If Vogt’s question amounts to asking the atheist to dream up a viable argument for God’s existence on the Christian’s behalf, that’s likely to be a tall order. Imagine a Hindu or a Muslim asking a Christian to propose the strongest argument for one of those alternative religions. Wouldn’t the Christian deem this an imposition, assuming the Christian thinks those religions are sheer demon spawns?

Sure, we should be charitable in talking to strangers, and we should steelman our opponent’s arguments. But there’s a difference between assuming something for the sake of argument, and presupposing a centrist stance, according to which the truth is somewhere between two extremes.

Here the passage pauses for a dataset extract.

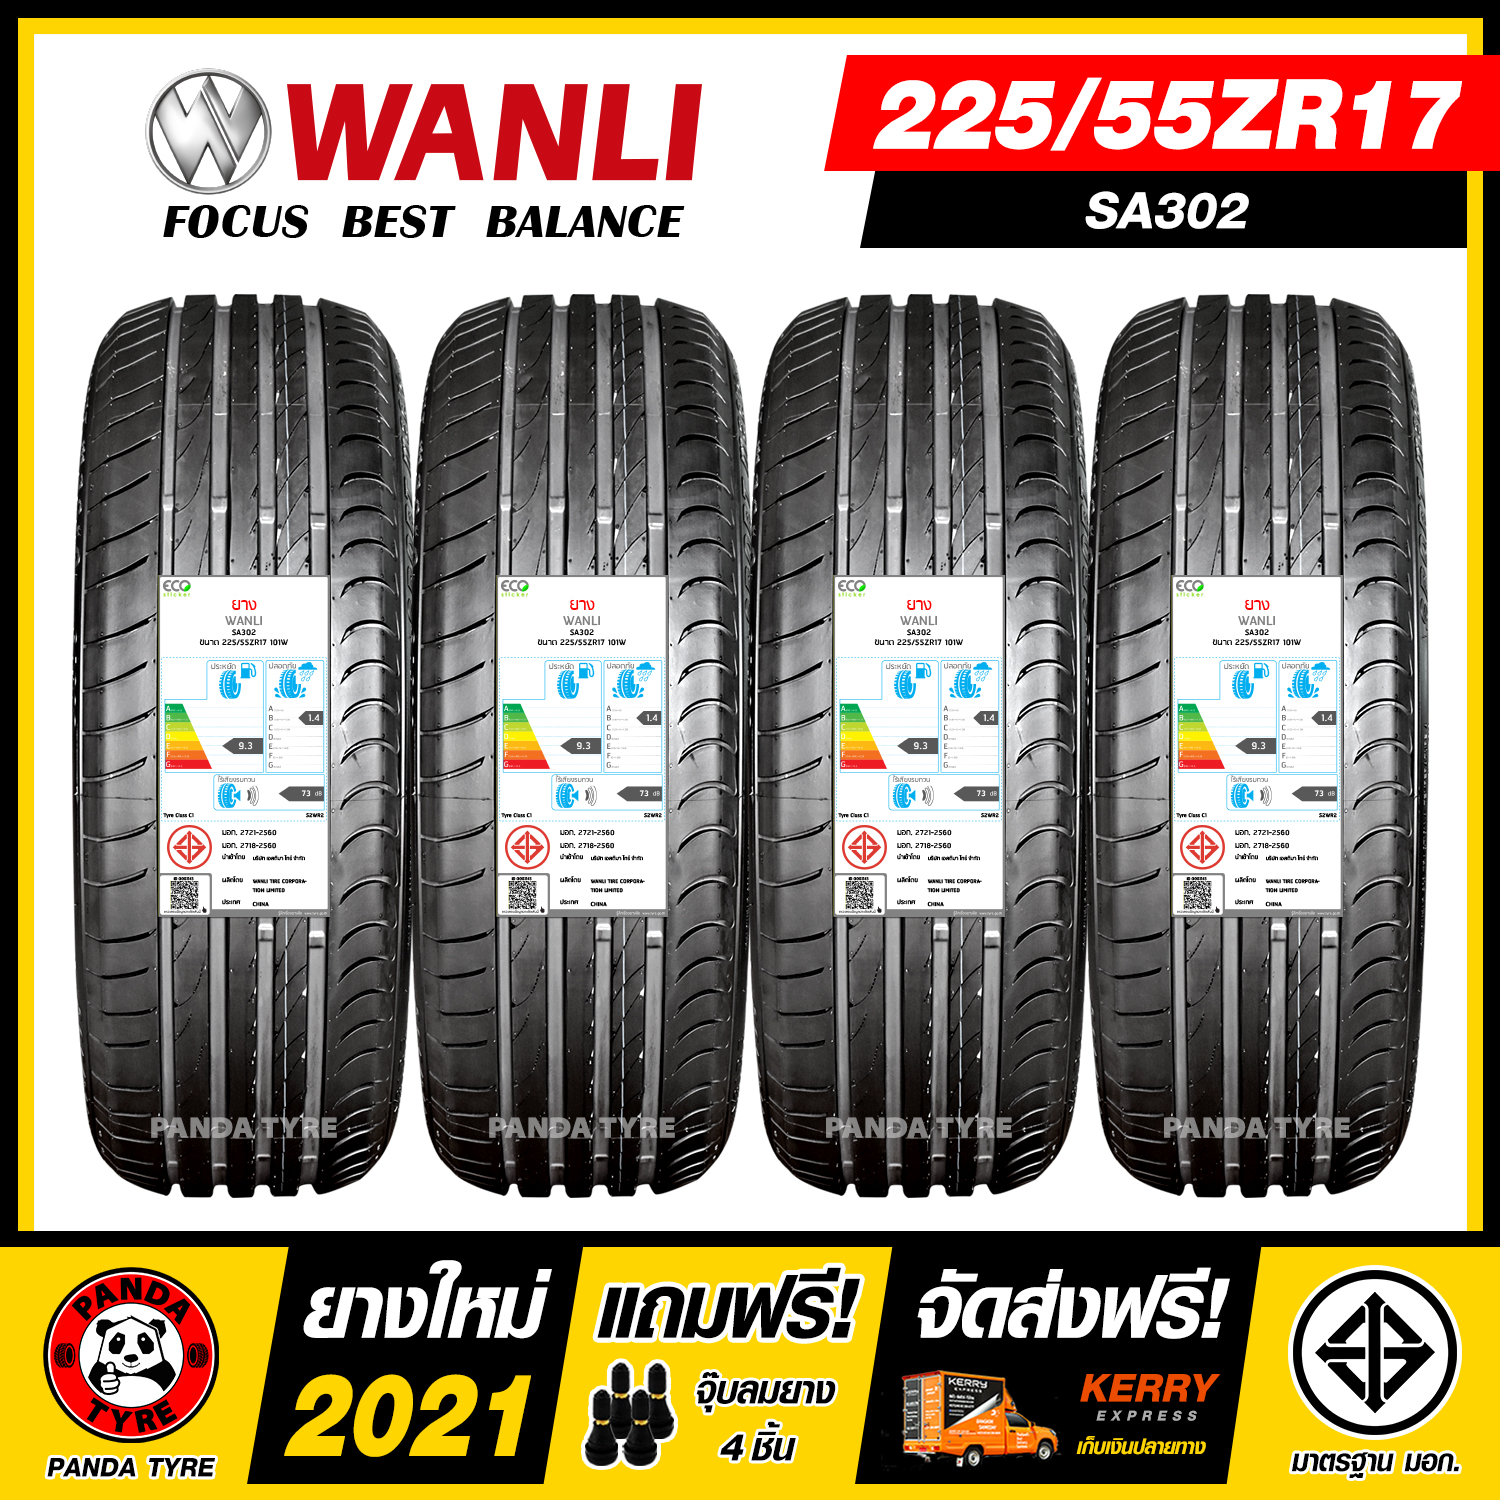 WANLI 225/55R17 ยางรถยนต์ขอบ17 รุ่น SA302 - 4 เส้น (ยางใหม่ผลิตปี 2021)

There’s no such center between theism and atheism. One side is right and the other is wrong. If atheism is true, why expect that any argument for theism would be at all respectable? Those arguments would all have to be sophistical at best. Each would be fallacious and misleading in different ways, but none would be strong unless by “strong” we meant the most obnoxious or dangerous.

In any case, if I had to choose the best theistic argument, I’d pick the sort of postmodern one you find in The Life of Pi, the assumption being that all truth is relative and subjective, so we’re forced to pick the better story, and theism makes for a more uplifting story than atheistic naturalism. The strength of this argument is that it compels the skeptic to defend modernity even though secular cultures are bound to be problematic.

Image by Thomas from Pixabay

The basis for theistic conversion

Vogt’s second question is in the same vein: “What would it take for you to believe in God?” Here again, the Christian wants the atheist to work for the Christian, which abuses charity to mask a dubious imposition.

What the atheist should say in response to this question is that if something heavy were to strike his or her head, perhaps then, under such diminished cognitive capacity, anything might convince the atheist to adopt theism or Christianity.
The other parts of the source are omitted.